As I learned about reading Rothko's color fields from phenomenological perspective, I got fascinated by how phenomenology attempts to explain the interaction between subject and object and how the true perception of an object inevitably requires the presence and active involvement of the subject. This led me to take Phenomenology and Existentialism in Spring 2021, which ended with a final paper on my phenomenological analysis on Alberto Giacometti's sculptures and sketches. This was a great opportunity for me to gain depth in my ideas that helped me better articulate the philosophy of this work in the paper after getting rejected by another conference once. I focused on discussing the artistic novelty of the work and its potential as a tool for performative and improvisational art-making.

In contrast to surveillance-style affective computing (bio-sensing, computer vision, etc.), Affective Color Fields gives users more authority on what they are willing to feed into the system and how they would frame and reinterpret their narratives. They could even deceive the artifact by giving a fake account of their life. Through this playful interaction that makes the user an improvisator and the human-machine interaction a play, Affective Color Fields aims to trigger their imagination and provide richer aesthetic experiences. Over time, the color fields slowly evolve with the user, and this synchronizing experience is expected to promote a personal bond.

Quite obviously, Affective Color Fields does not aim to seamlessly blend into an ordinary user's daily routine and effaces itself for the sake of their efficiency. Instead, it prompts users to engage in a behavior that can be seen as "unproductive" or "meaningless" and deliberately carve out some time that will be spent with this artifact. I liked how our work promotes a ritualistic experience to users and challenges their preexisting world and original values.
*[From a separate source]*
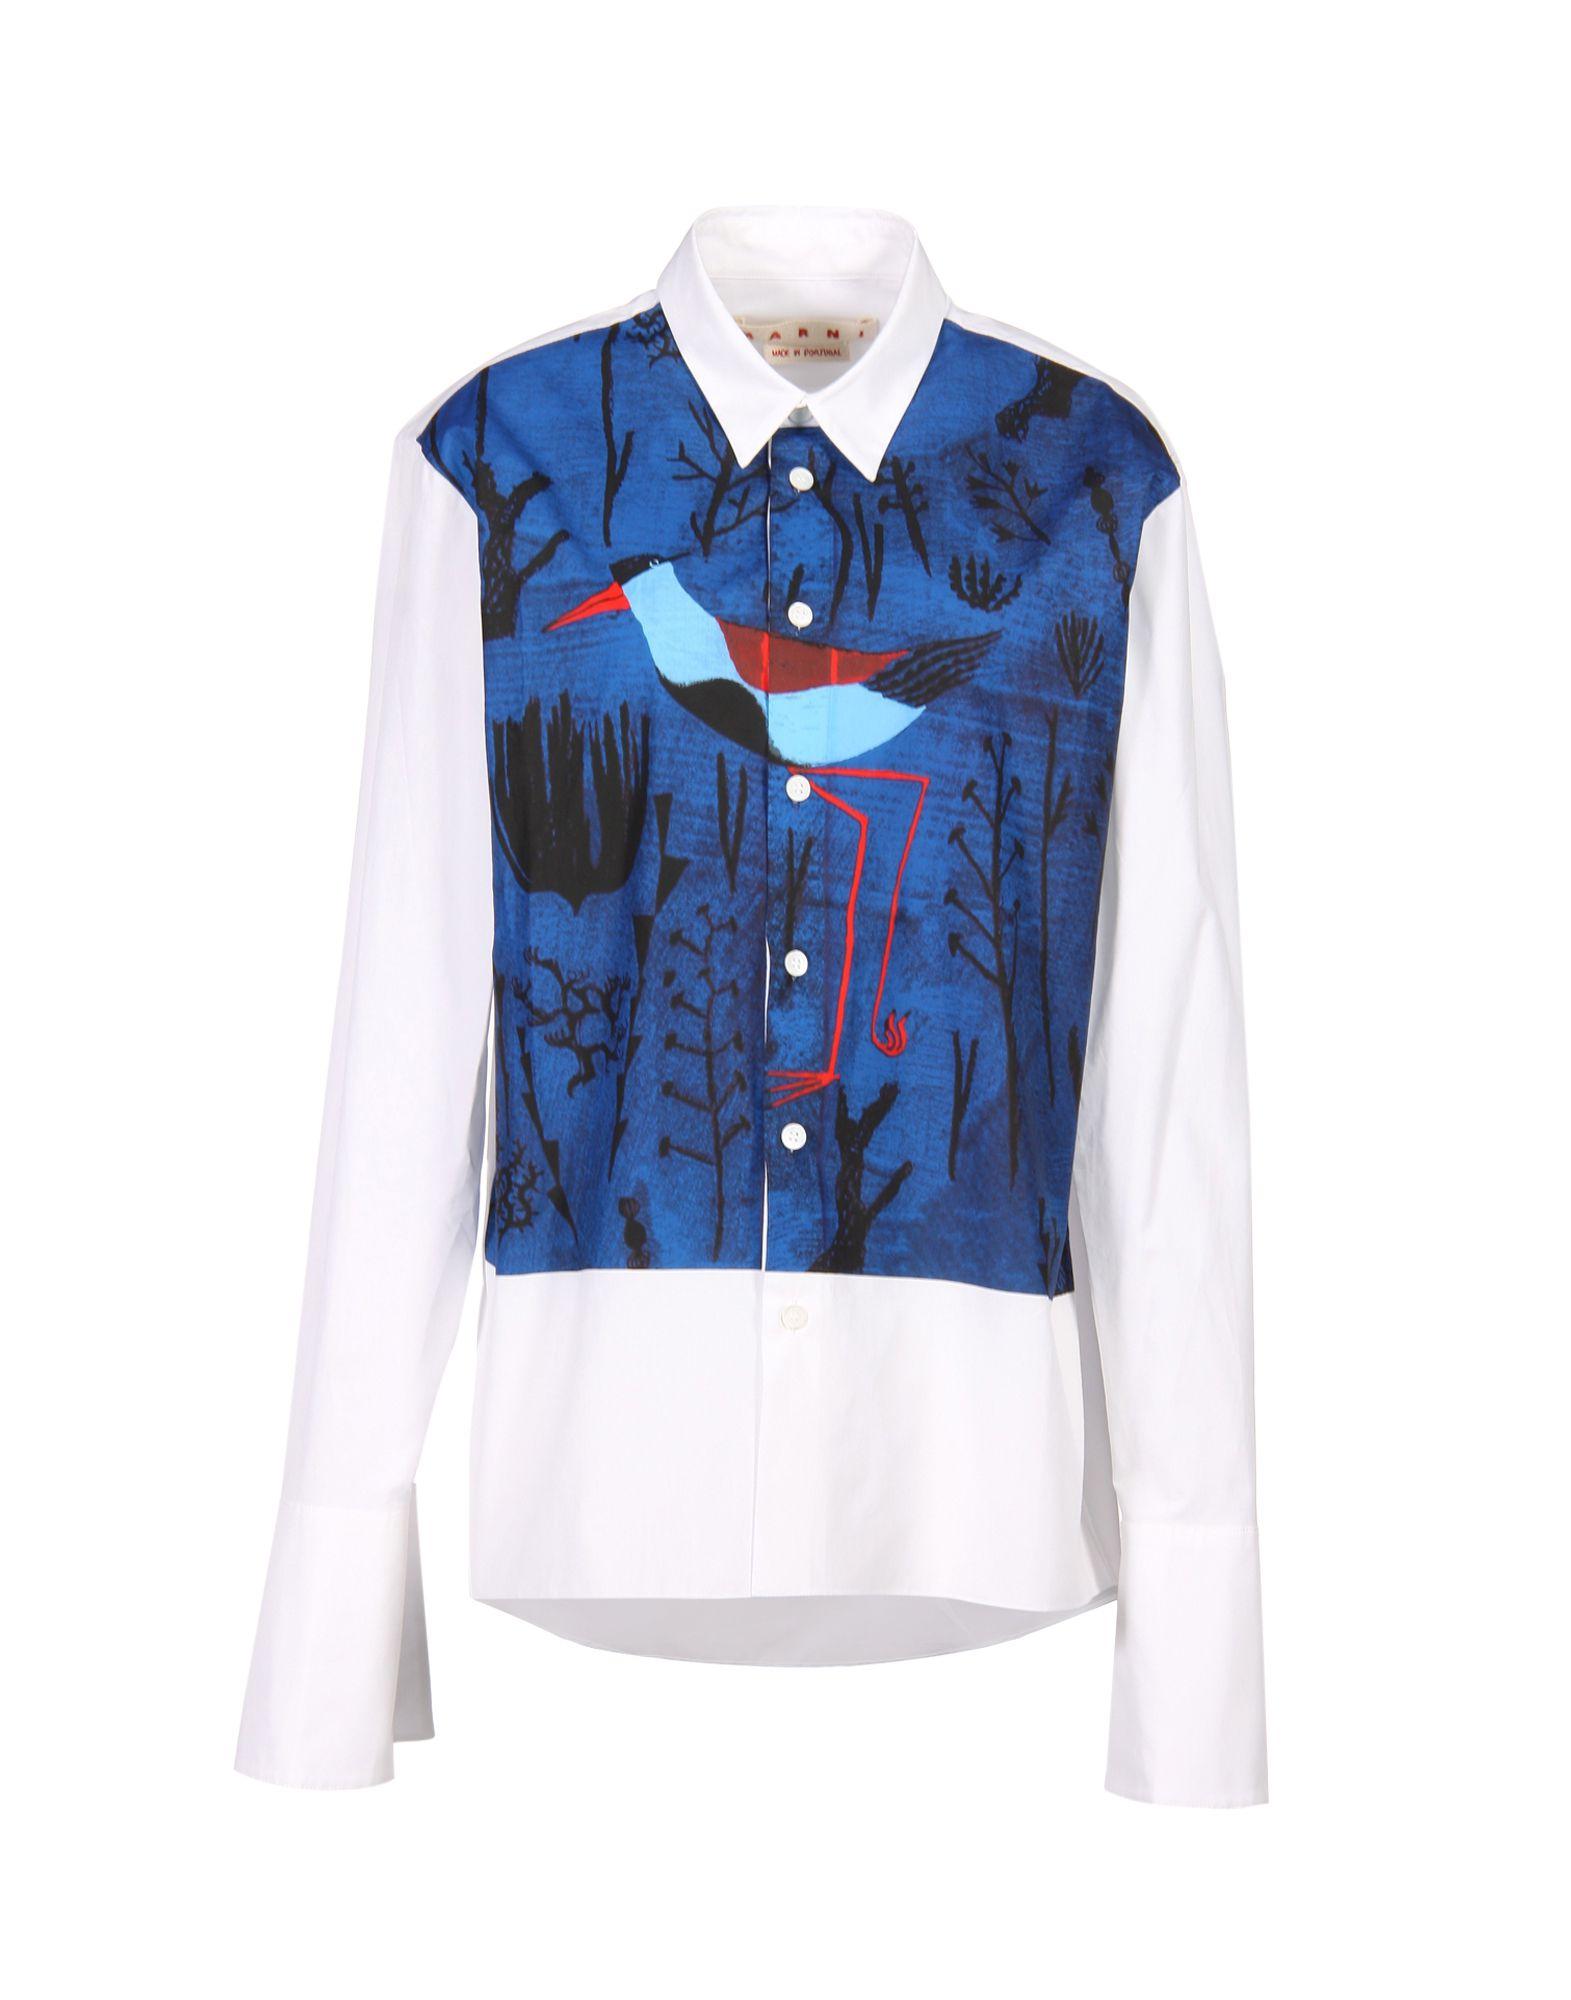 Marni shirt 1

Through the process of unearthing a new meaning from the color fields and casting the new meaning to their memories and future instances in life, their newly conceived thoughts and beliefs get weaved into everyday life, creating ripples that affect them in the long term.

ACM Multimedia 2021

I worked on revising our paper for months after receiving a rejection, and in the summer of 2021, I was delighted to hear that our paper was accepted by the ACM Multimedia 2021 for Interactive Artworks track. It was an incredible experience as an undergraduate student to plan an art research project from start to finish, collaborate with other researchers, and witness our work getting published by a conference. I realized how exhilarating it can be to create knowledge and share it with the research community.